WHAT YOU NEED TO DO: Everything from the line that contains "MISA was proud" through the last line below should be transcribed exactly, except the pictures.

INFORMATION SUPPLIED:
# # # # #
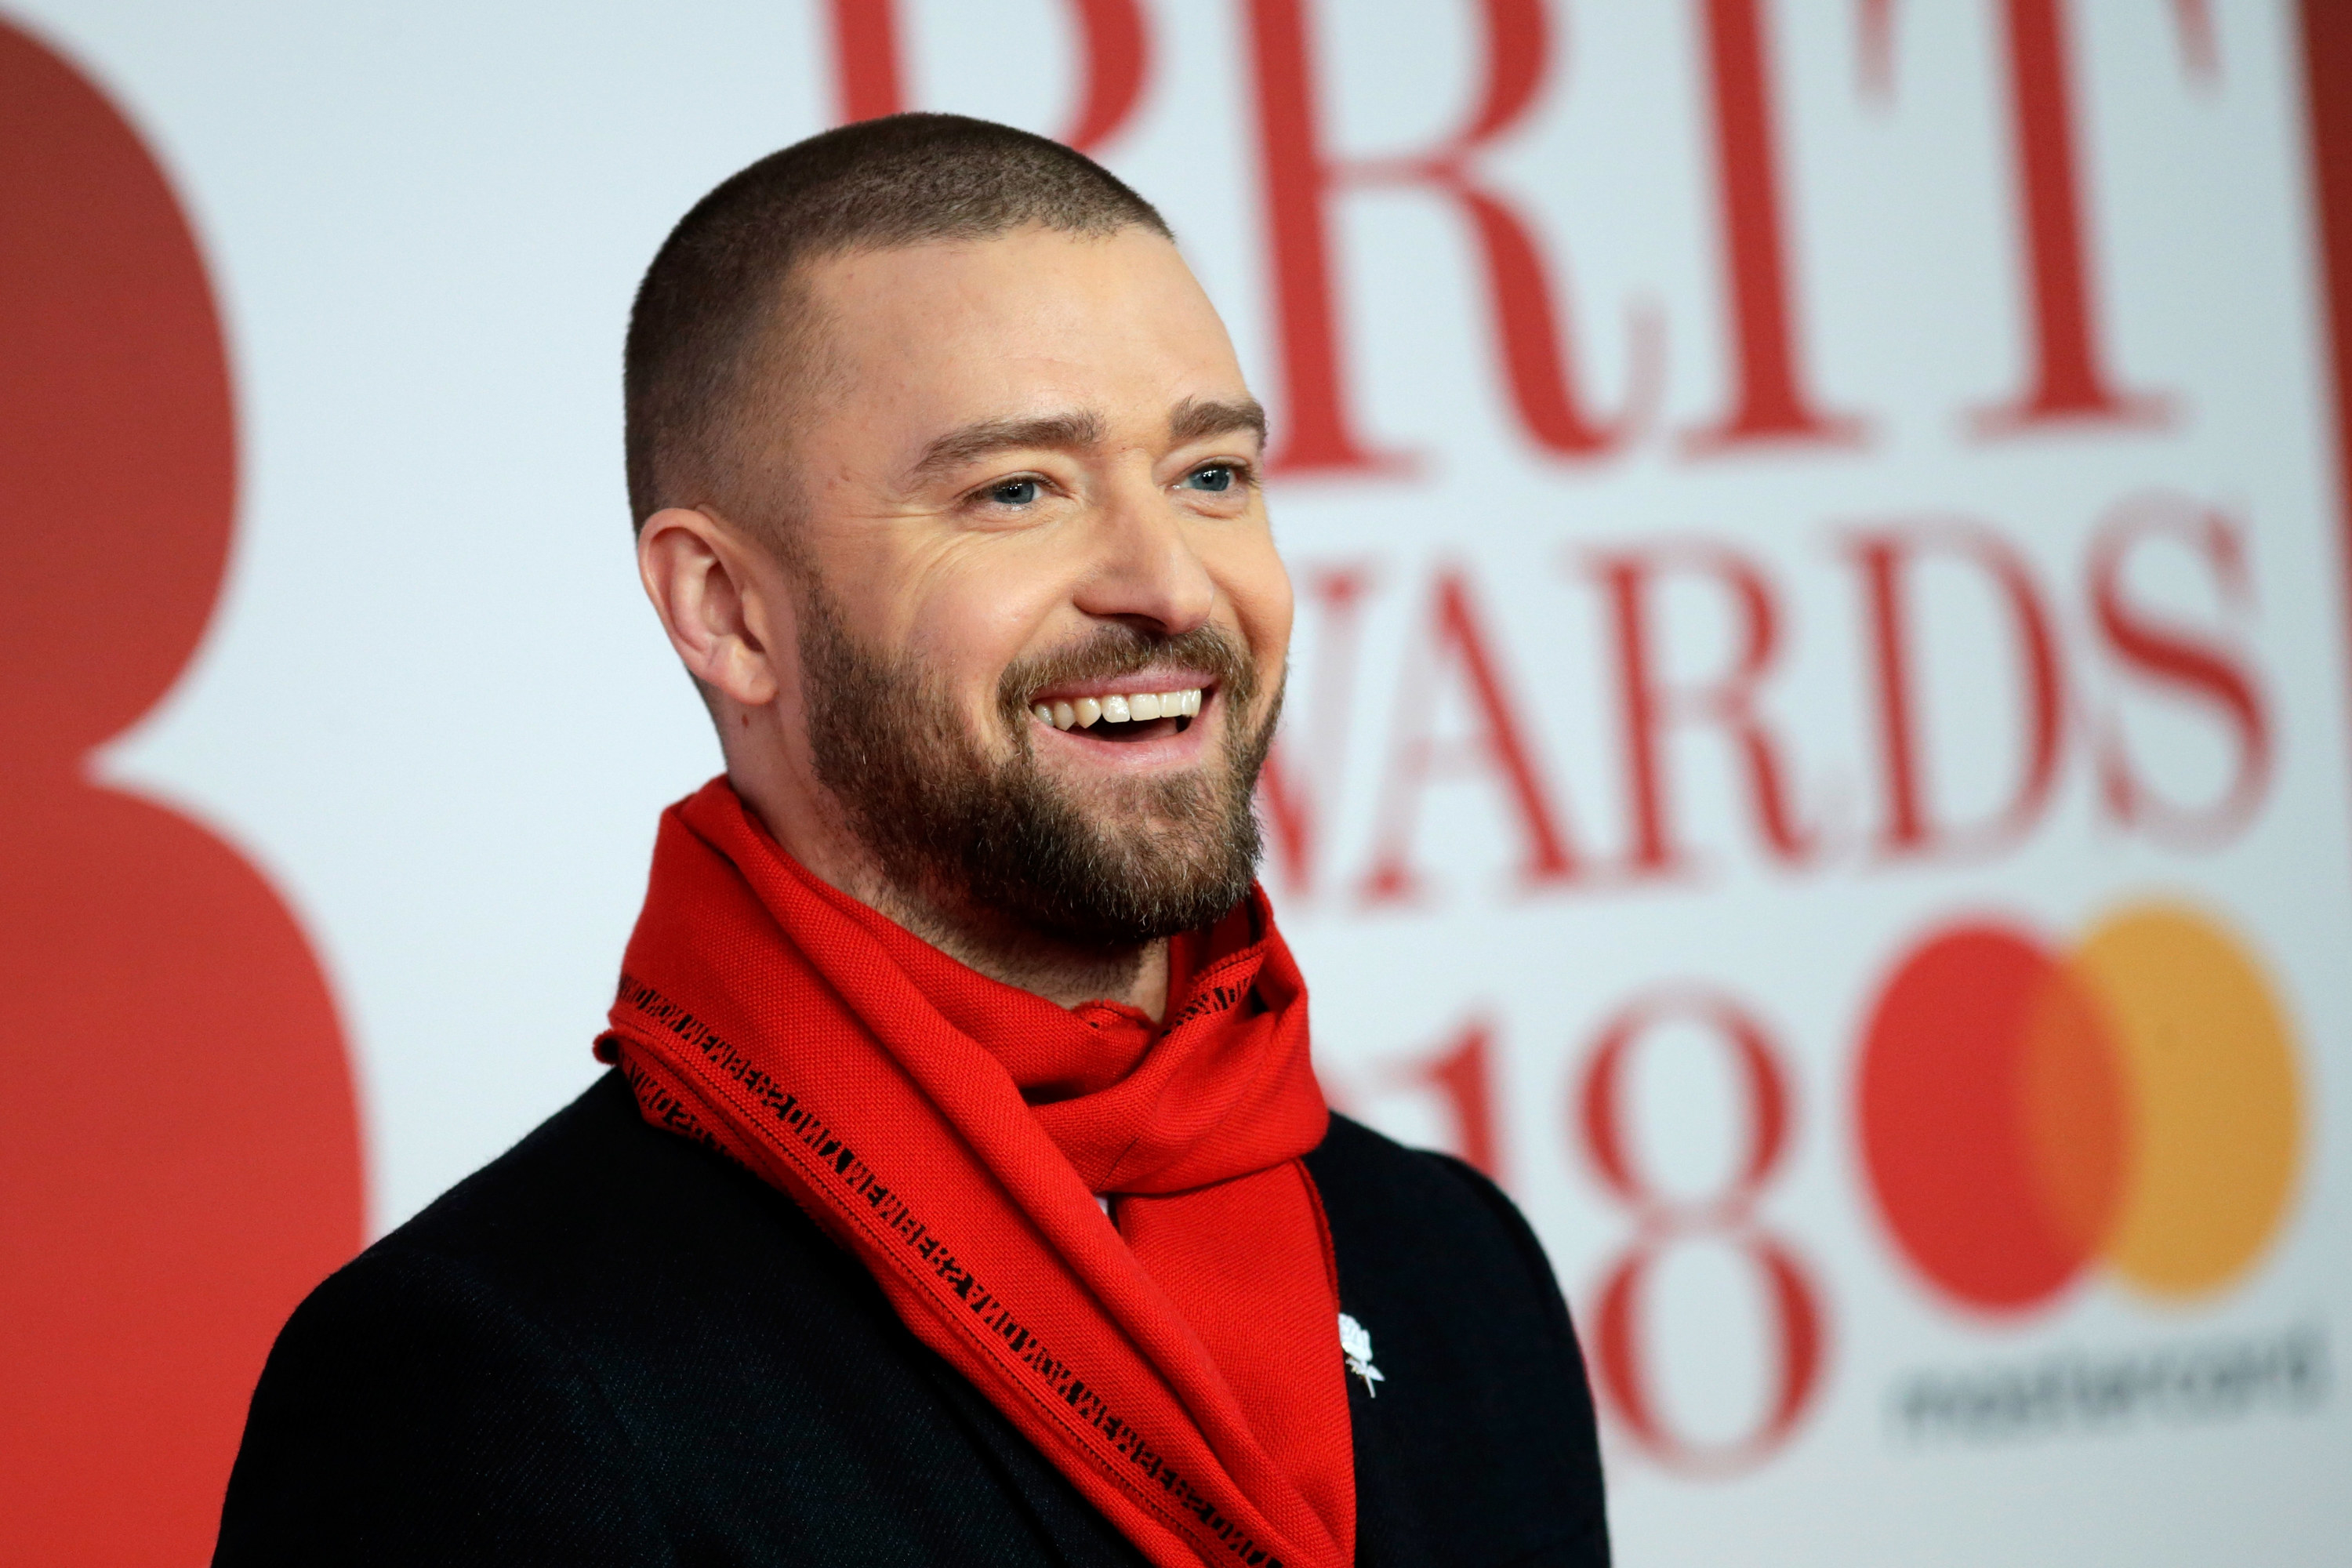 Justin Timberlake attends The BRIT Awards
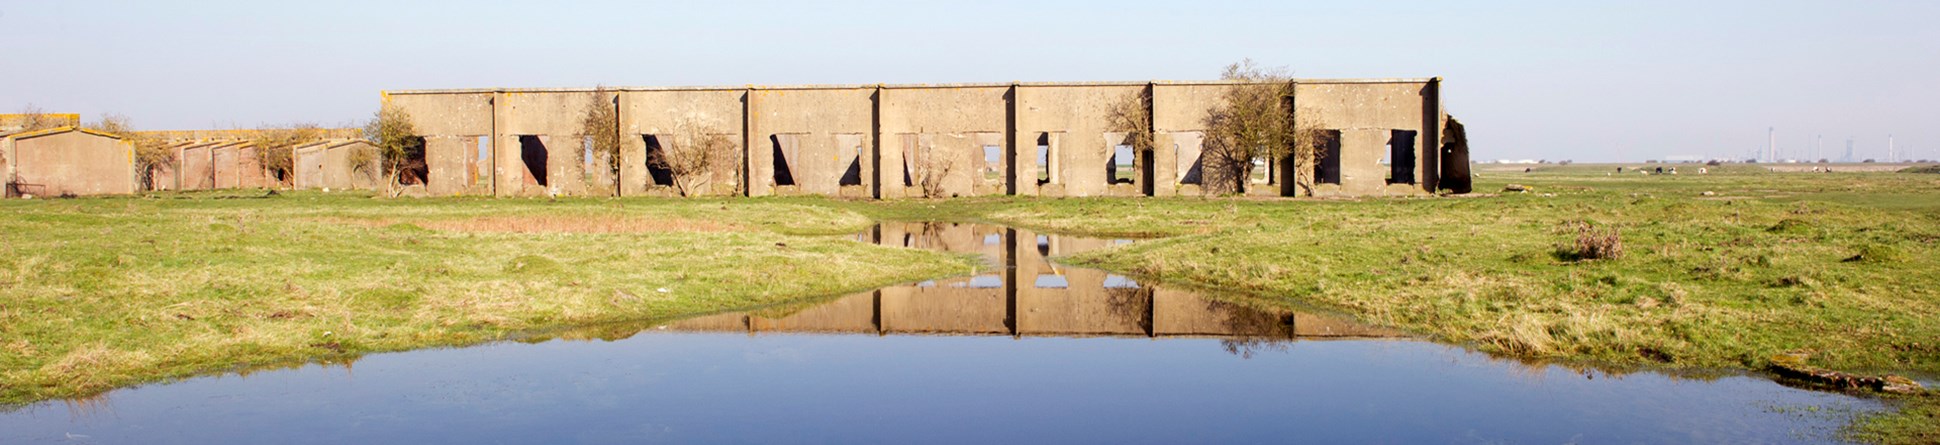 Ruined concrete First World War explosives factory reflected in the marshes of the Hoo Peninsula
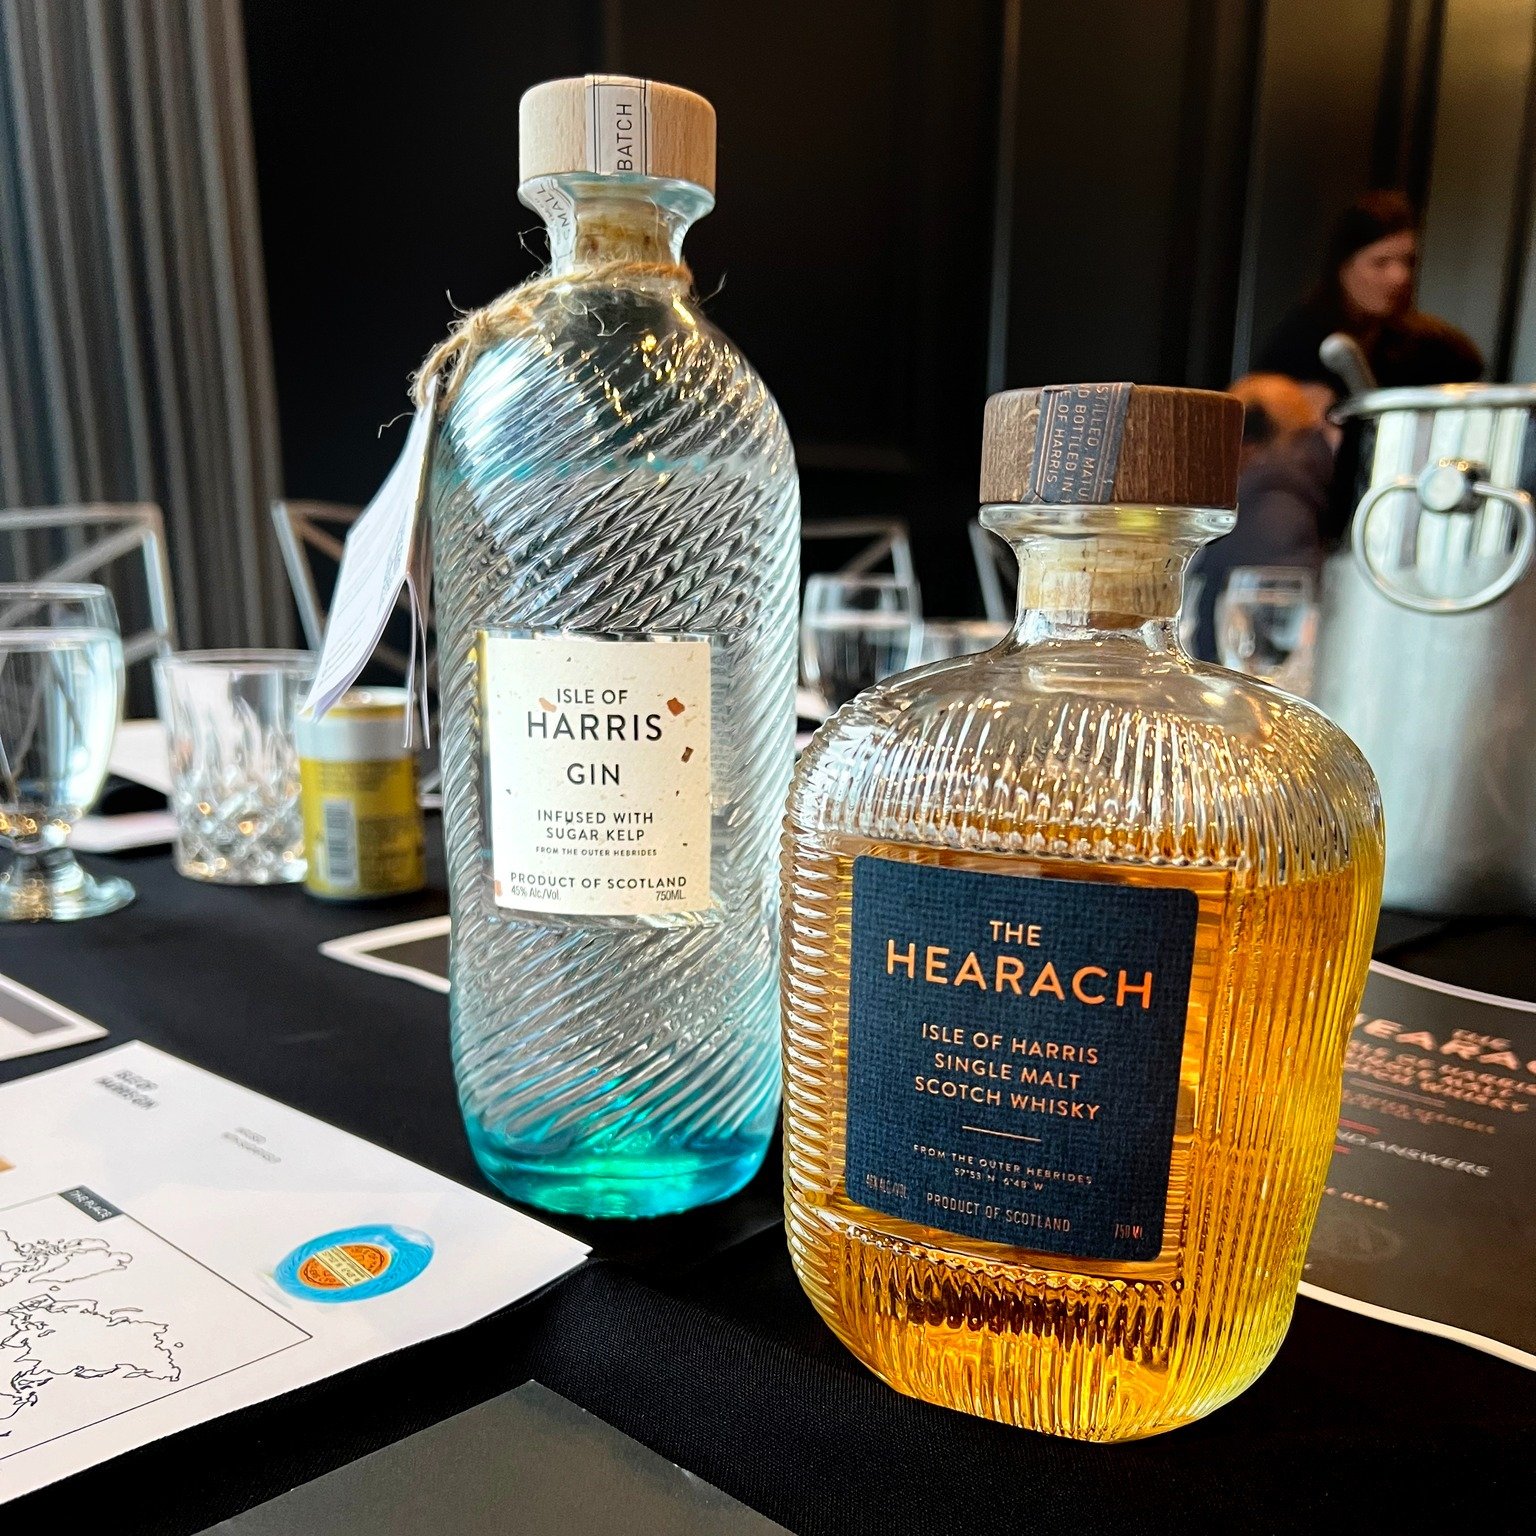 MISA was proud to work with isle of Harris distillers and Dallas Tower club to host a lunch and learn for our local Spec's team. 

The event was a success with a decidedly &lsquo;Harris&rsquo; feel to it! Isle of Harris Gin and The Hearach Single Mal
# # # # #
ANSWER TO THIS TASK:
 MISA was proud to work with isle of Harris distillers and Dallas Tower club to host a lunch and learn for our local Spec's team. 

The event was a success with a decidedly &lsquo;Harris&rsquo; feel to it! Isle of Harris Gin and The Hearach Single Mal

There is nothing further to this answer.